On second thought I think this might have been the book I struggled to understand back in the 50's when I was in Jr. High in Boulder. Gamow was a "colleague" of my mother at C.U.(she worked as a receptionist at Wardenburg). Date read is approximate...

Ahmad Noaman

باديء ذو بدء هو واحد من الكتب الصعب أن تعطيها حقها مهما كتبت عنها ومدحت في محتواها .. هذا سبب والآخر أني شخصيابالرغم من اعتقادي أن استيعاب الكتاب تماما صعب من أول مرة الا أن 70% أو حتي 60 هي أكثر من كافة لتغيير محتواك العقلي ومنهجك الفكري كما وكيفا الكتاب يضع ببساطة -علي قدر الإمكان- علاقات رياضية وهندسية لوصف الكون والحياة والطاقة وحركة الذرات والجزيئات والمجرات والكواكب .. وكل العلاقات والأنظمة الكونية في محاولة لتوصيلها للقاريء بأقرب مايكون للمنطق -رياضيا-فنجد الكاتب يبدأ بفصول عن تاريخ الأعداد وأنواعها والعلاقات مابينها وكيفية الربط بينها وبين الواقع وكيف تم اكتشاف والوصول الي كل هذا .. ثم يصحبنا في رحلة عابرة علي مجالات الفيزياء والأحياء والكيمياء الحديثة مرورا بنظريات نيوتن الميكانيكية وأثرها ثم الي العبقري آينشتاين وتصوره للكون وكيفية توصله للنسبية .. ليختتم الكتاب برحلة عبر النجوم والمجرات وعلم الفلك لوصف النظام الكوني مَنشئا وتكوينا وتطورا في شكل أرقام وعلاقات رياضيةبل ووضع الكاتب فصلا أو اثنين في محاولة لوضع نمط معين لما يُسمي بعدم النظام أو العشوائية رياضيا ونجح الي حد ما في ذلك كتاب أقل ما يوصف به أنه عبقري

Ben Haley

I love laymen science and this is the best I've read. Gamow presents complex subjects with simple analogies and clever cartoons. His science, rivets like a jackhammer, pounding out universal revelations with each new page.One, Two, Three...Infinity walks us through the worlds of nuclear physics, cosmology, biology, relativity, quantum theory, and astrophysics without skipping a beat. We learn how to measure the height of an oil molecule in a bathtub, the rotation of our milky way with a red shift, and why everything wishes it were silver. Too often, the presentation of real science turns into an imagination's death march into a bleak world of facts and foreign vocabulary. But Gamow keeps it light and by transcending the minutia, makes a reader that floats above it and keeps its value even now, half a decade after its first publication.
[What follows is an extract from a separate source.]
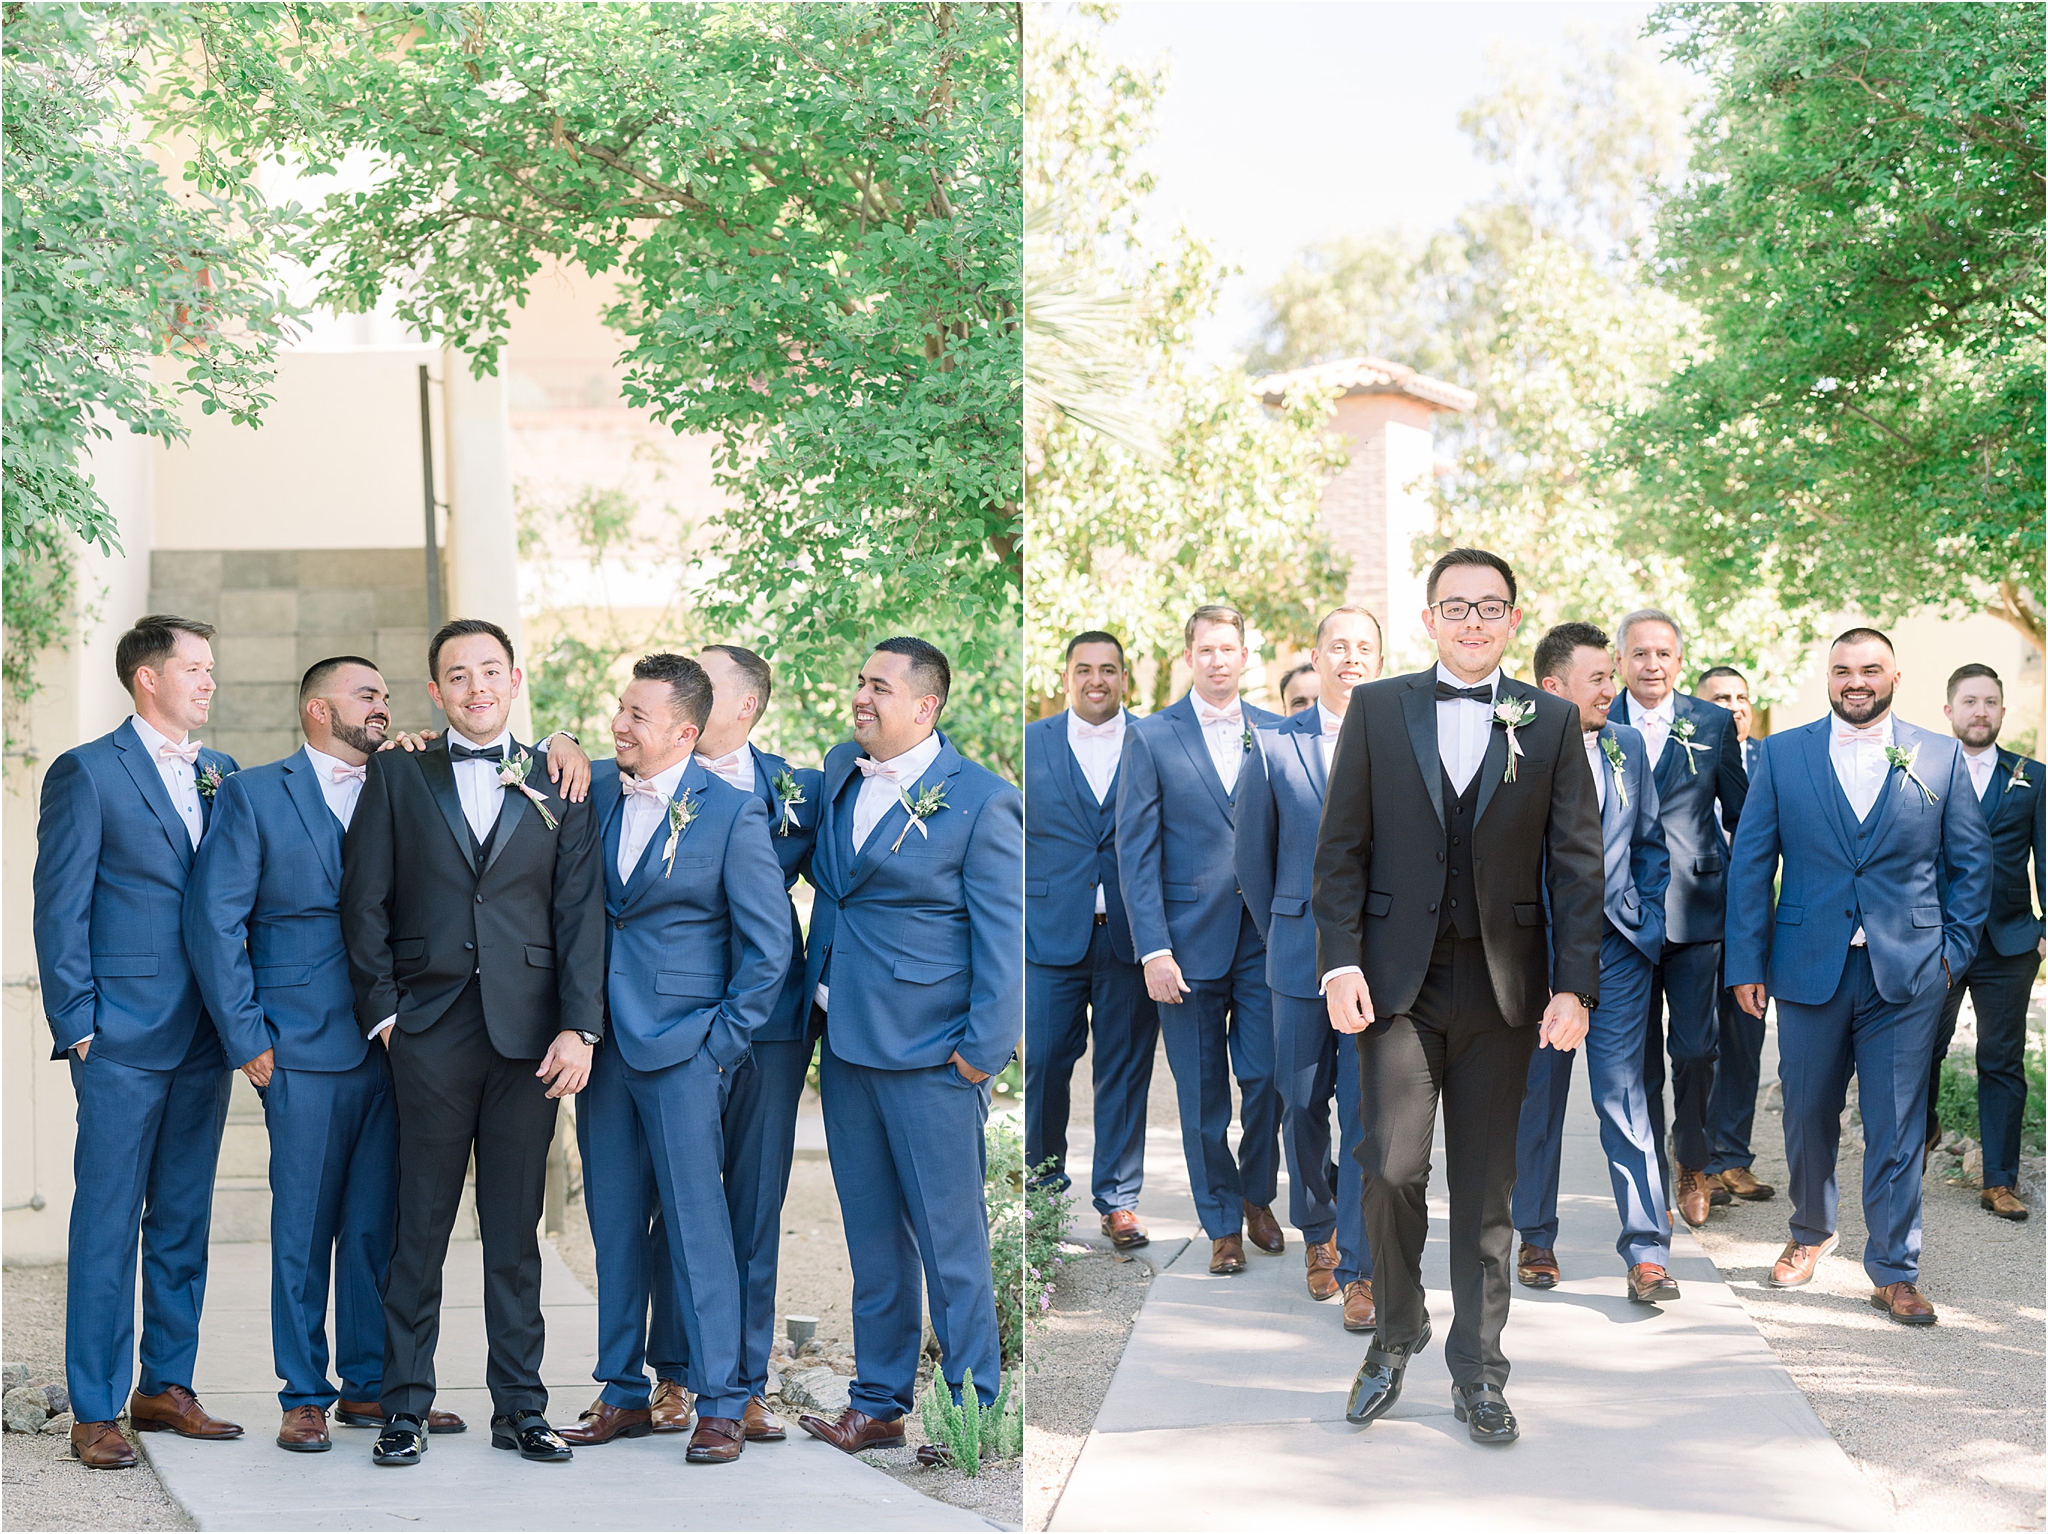 Omni Wedding Photographer | Tucson AZ | Ligia and Arturo bridal party photos | Tucson Wedding Photographer | West End Photography

This was given as a present with some very thoughtful intentions. Unlike "Zero: A Biography of a Dangerous Idea", this book was written in almost sraight text-book format instead of any semblance of story. I'm all for reading manuals and other dry topics, but couldn't get through this one.


The information in this book is a bit dated, but the writing is still great. Gamow was a master of explanation - he had a real gift for clear presentation of complex topics. Before Asimov, Feynman, or Sagan - there was Gamow. If you want a good introduction to the concepts of 20th century physics, this is an excellent place to start.